Slavery was supported by Western thought, which portrayed Black skin as inferior.

Bust of Aristotle. Puritan preachers in New England based their view of racial hierarchy on his teaching.

Source: Wikipedia

The shift in labor source represented more than an opportunistic seizing of the human “property” that the Atlantic Slave Traders would bring to the East Coast. The almost casual shift from poor white laborers to enslaved Black laborers came from deeply entrenched Western racist ideas that perceived Black skin as inferior to white (Kendi, 2017, p. 17). 

This distrust of Black skin was reinforced by Puritan preachers in the New England colonies who had “learned rationales for human hierarchy [from Aristotle] and … began to believe that some groups were superior to other groups… Puritans believed they were superior to Native Americans, the African people, and even Anglicans—that is all non-Puritans” (Kendi, 2017, p. 17). 

PBS vide on “What is the origin of race?”

This view of race was reinforced by religious teaching.

Painting by George Henry Boughton, “Pilgrims-Going-To-Church.”

Source: Wikipedia

Puritan preachers in the North argued that racial hierarchy was “biblical.” As evidence, they cited the story in the first book of the Bible where Noah cursed his son Ham.

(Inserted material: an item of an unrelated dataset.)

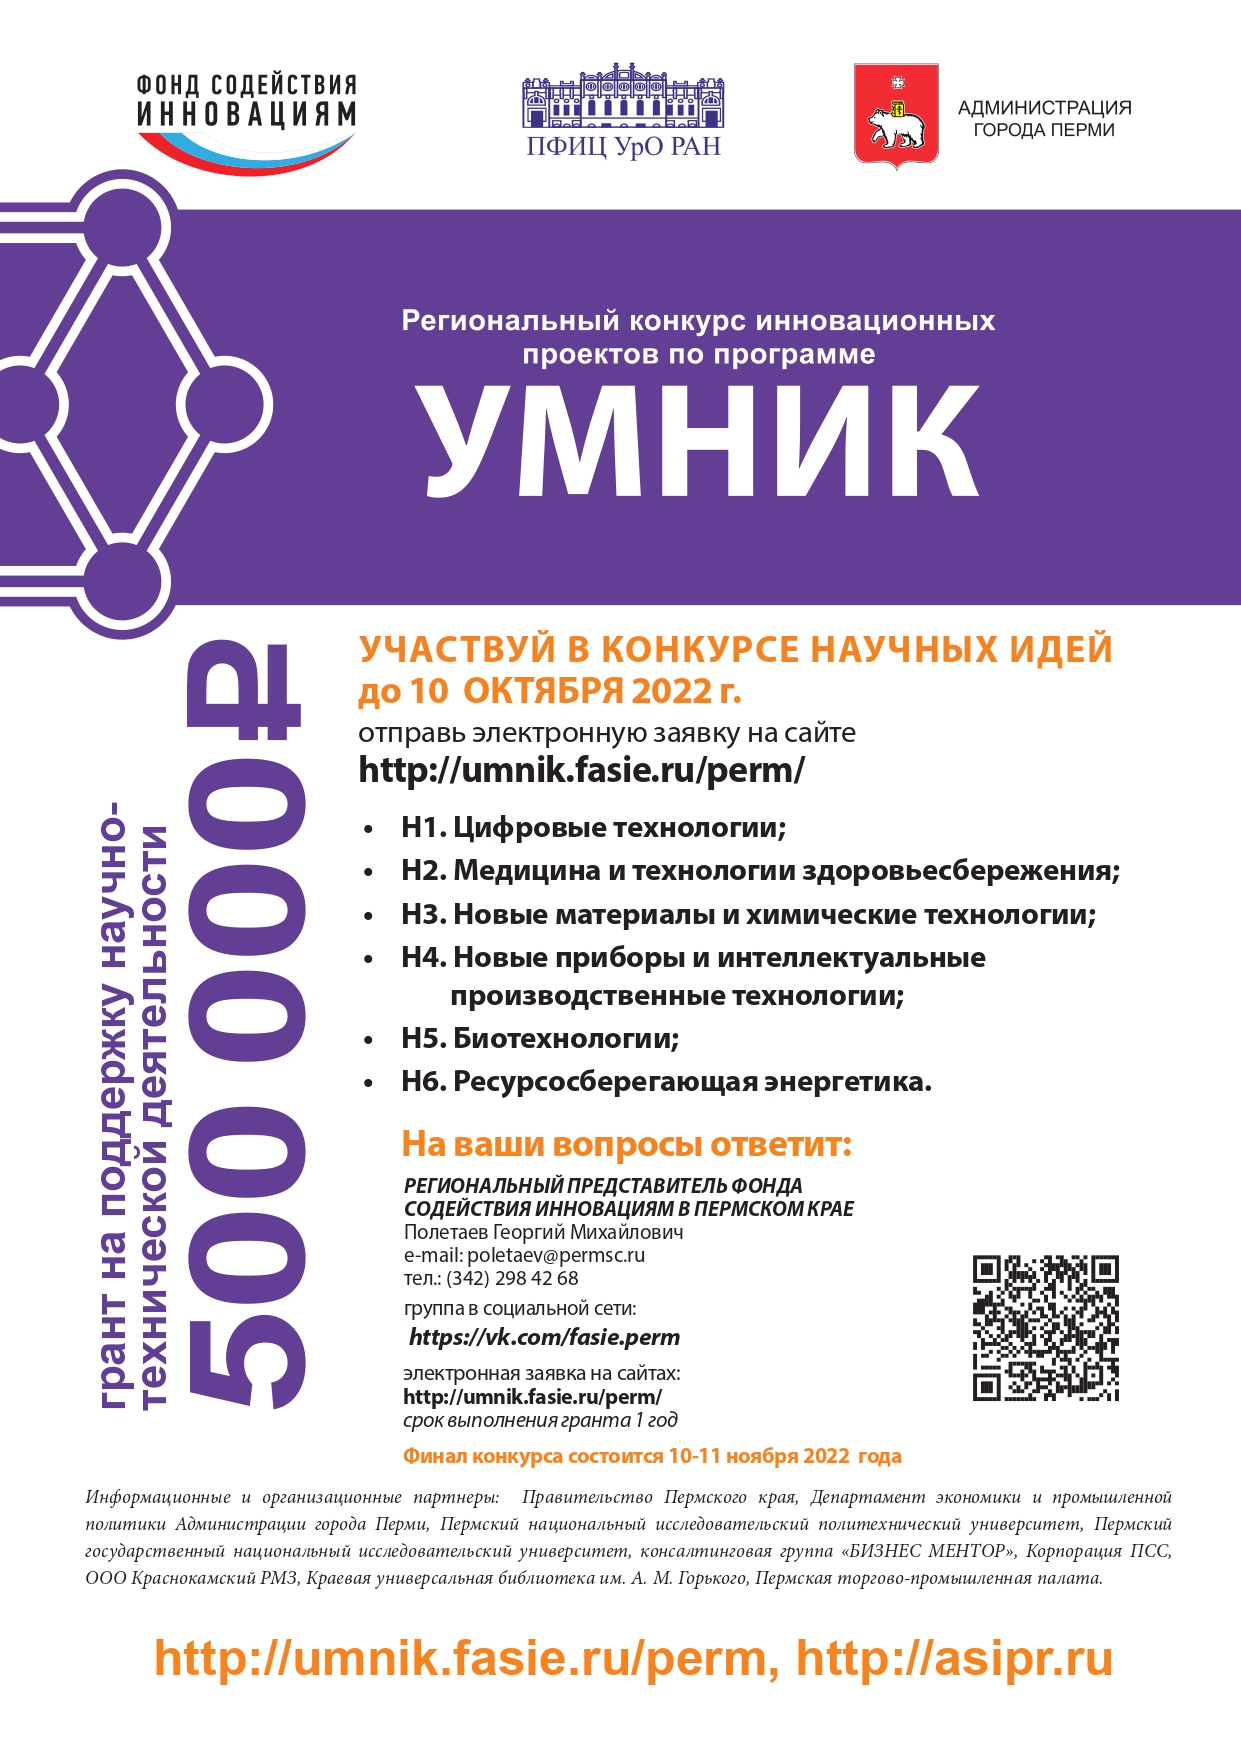 Плакат УМНИК 2022 край МСП page 0001

The reasoning shared by influential preachers went something like this: “[T]he Negroes were the children of Ham, the son of Noah, and … they were singled out to be black as the result of Noah’s curse, which produced Ham’s colour and the slavery God inflicted upon his descendants” (Kendi, 2017, p. 21). 

The “curse theory,” as it was known, validated the existence of a God-ordained hierarchy between the races – the white man represented the chosen leaders of mankind and the Black represented those cursed and inferior.